Python FFI bindings for libsecp256k1 (an experimental and optimized C library for EC operations on curve secp256k1) using ctypes.
Alternative implementation that uses cffi instead of ctypes is secp256k1-py.
CFFI is heavier, needs compiler for API mode (parses C headers) while ctypes does not need dependencies at all.
Rationale and goal
This library aims to provide a standard way to wrap libsecp256k1 using ctypes.
Implementation Details
Scratch spaces are not implemented.
methods from secp256k1_preallocated.h are not implemented
This library creates default contexts (sign/verify) at the initialization phase, randomizes them
and uses them the whole time, you do not need to worry about contexts.

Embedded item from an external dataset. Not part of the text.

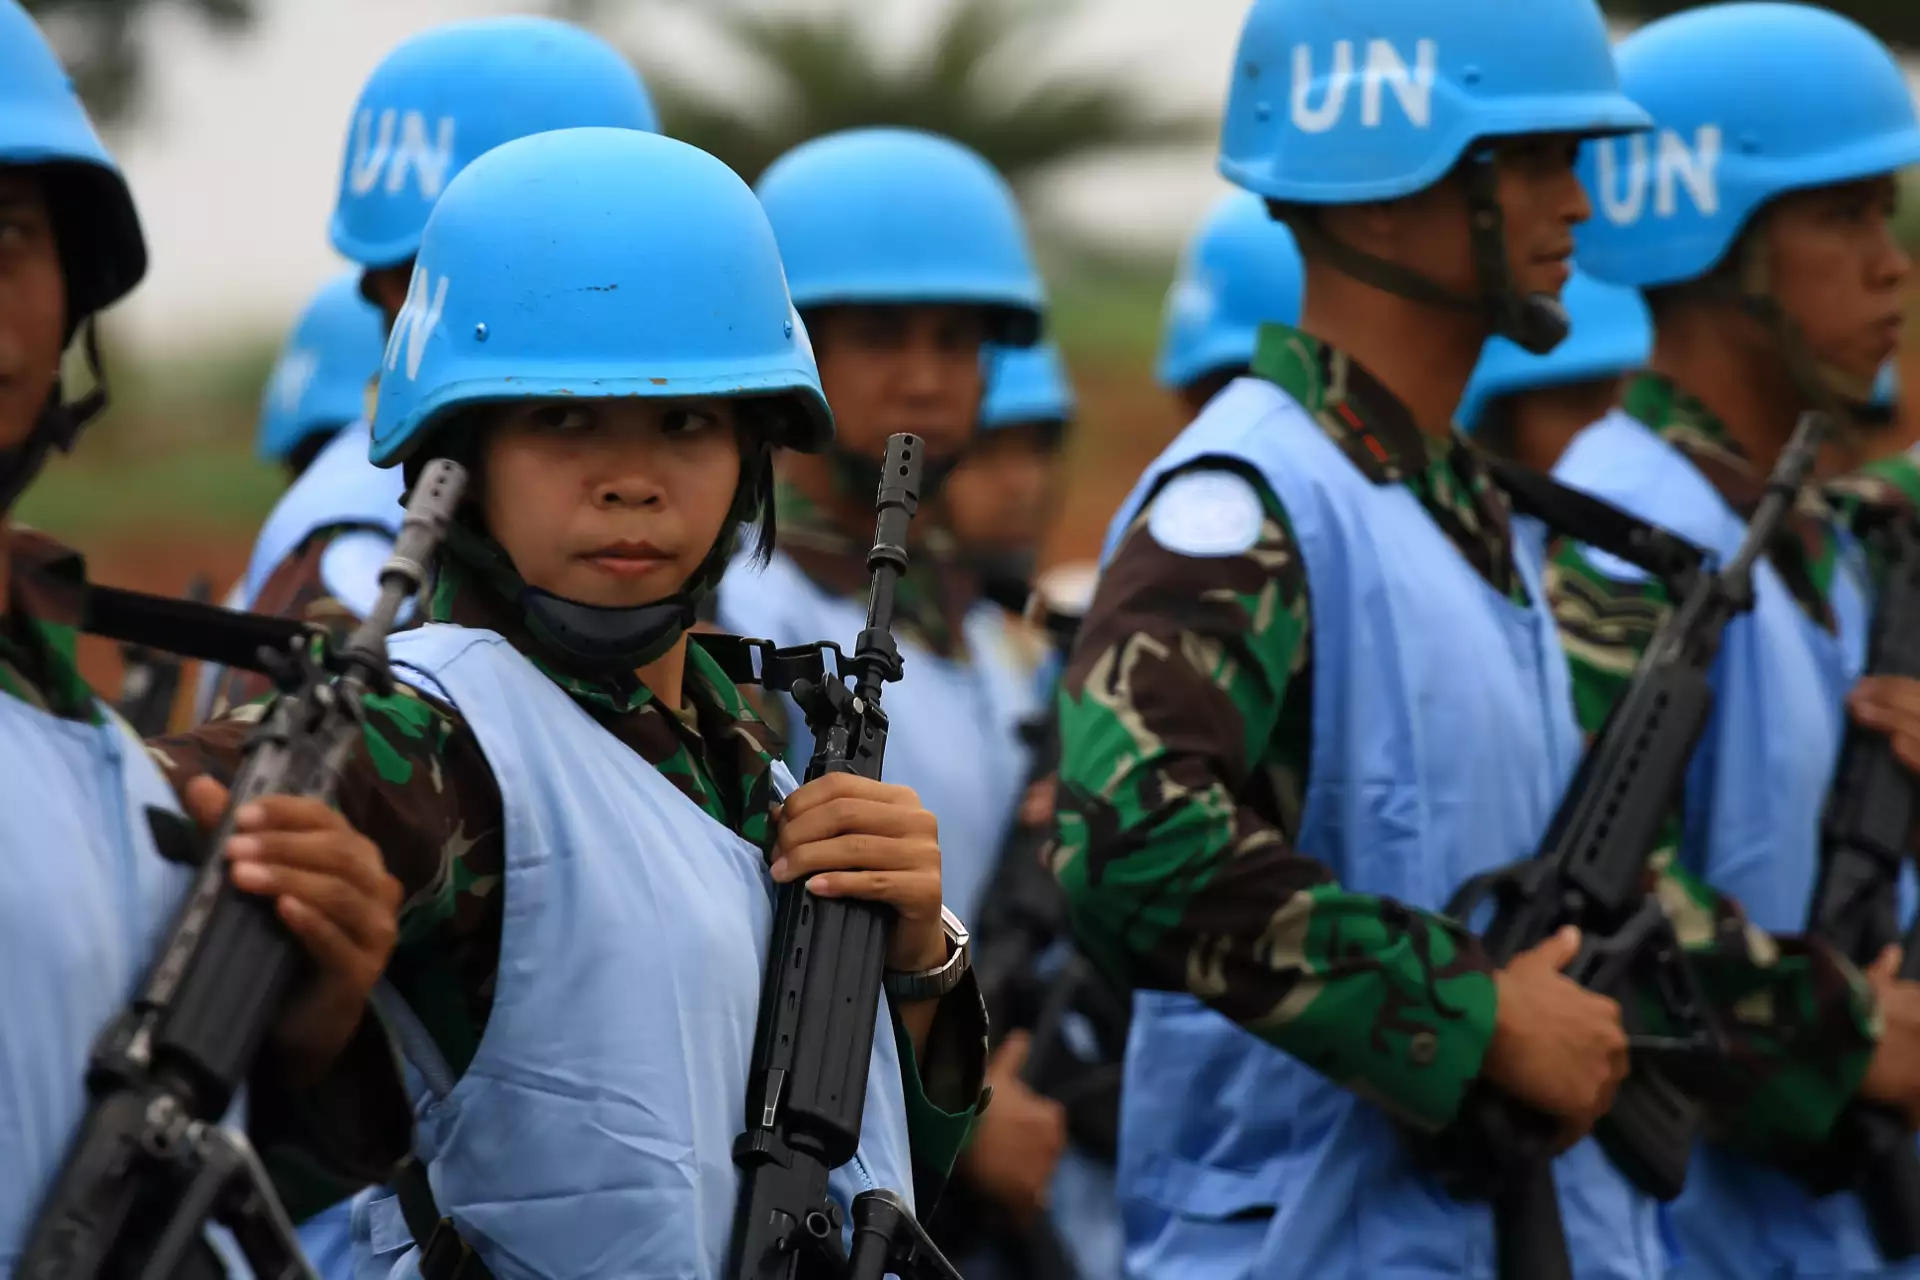 Guidance  United Nations Peacekeeping

In case you need to randomize more often (to protect against side-channel leakage)
use pysecp256k1.context_randomize.
way to provide own hash functions is not implemented - default hash functions are used
schnorrsig_sign_custom does not accept extraparams argument, instead accepts aux_rand32 as schnorrsig_sign32 - same as passing extraparams.ndata
Default illegal callback function (that is added to default contexts) logs to stderr.

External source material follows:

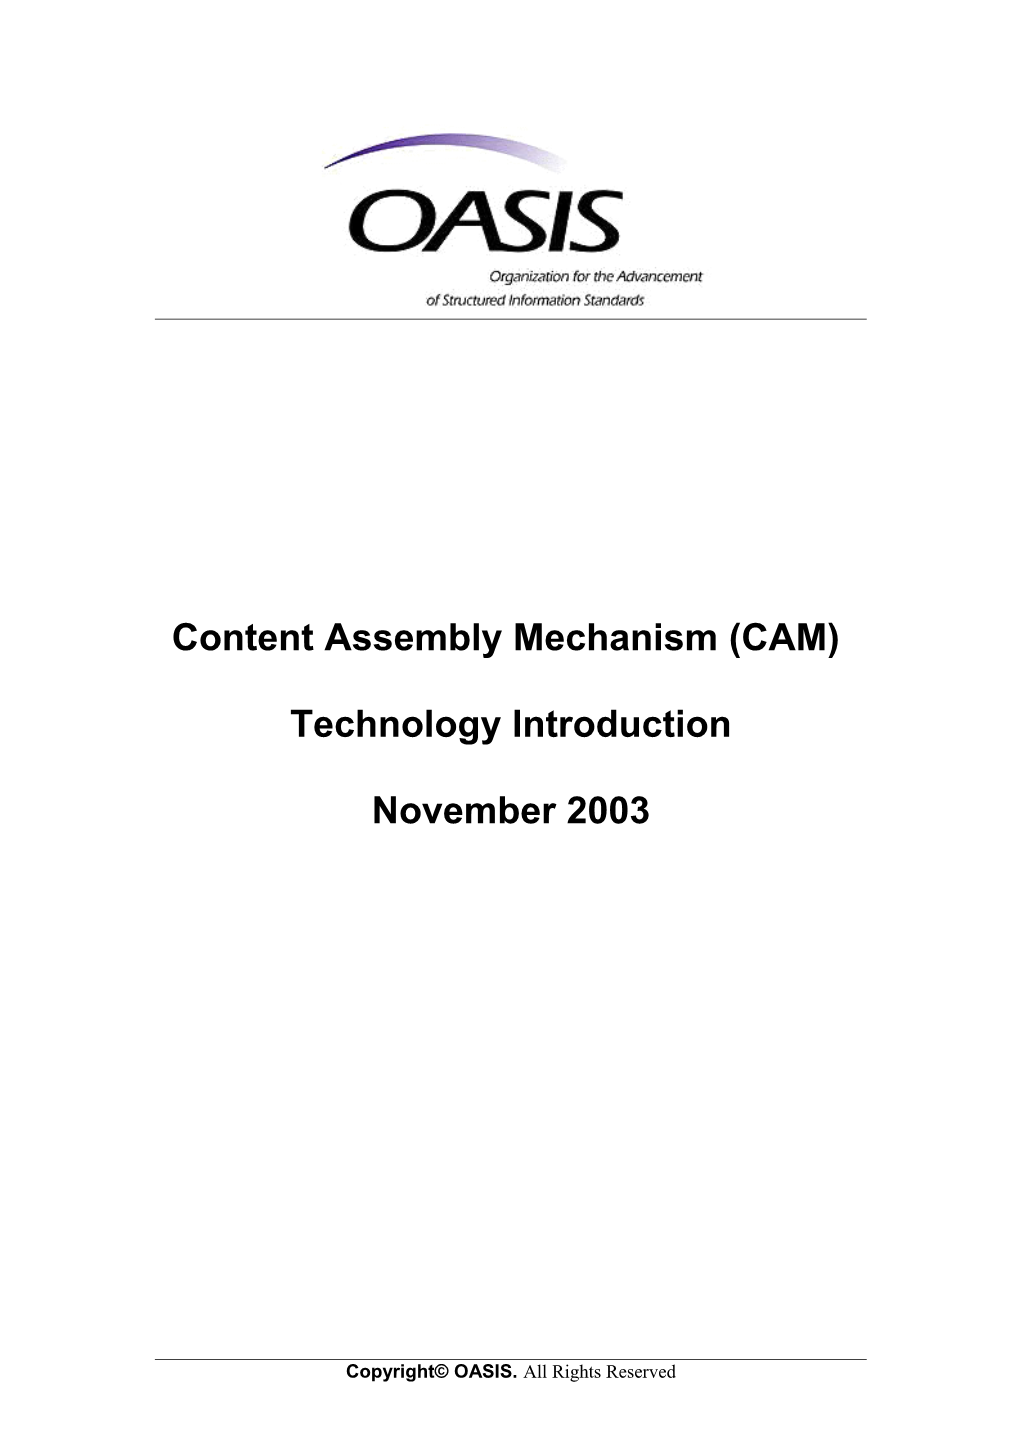 OASIS CAM Specifications

Method names are the same as in libsecp256k1 but without 'secp256k1_' prefix (i.e. secp256k1_ec_pubkey_serialize -> ec_pubkey_serialize)
Modules are structured same as in secp256k1 include/ directory but without 'secp256k1_' prefix.
secp256k1 modules
pysecp256k1 modules
importing
secp256k1.h
pysecp256k1.__init__.py
from pysecp256k1 import *
secp256k1_ecdh.h
pysecp256k1.ecdh.py
from pysecp256k1.ecdh import *
secp256k1_extrakeys.h
pysecp256k1.extrakeys.py
from pysecp256k1.extrakeys import *
secp256k1_recovery.h
pysecp256k1.recovery.py
from pysecp256k1.recovery import *
secp256k1_schnorrsig.h
pysecp256k1.schnorrsig.py
from pysecp256k1.schnorrsig import *
Validation and data types
This library tries to supplement libsecp256k1 with valid data ONLY, therefore heavy input type validation is in place.
Validation is implemented via enforce_type((can be found in pysecp256k1.low_level.util)) which check for correct type (based on type hints) and correct length if possible.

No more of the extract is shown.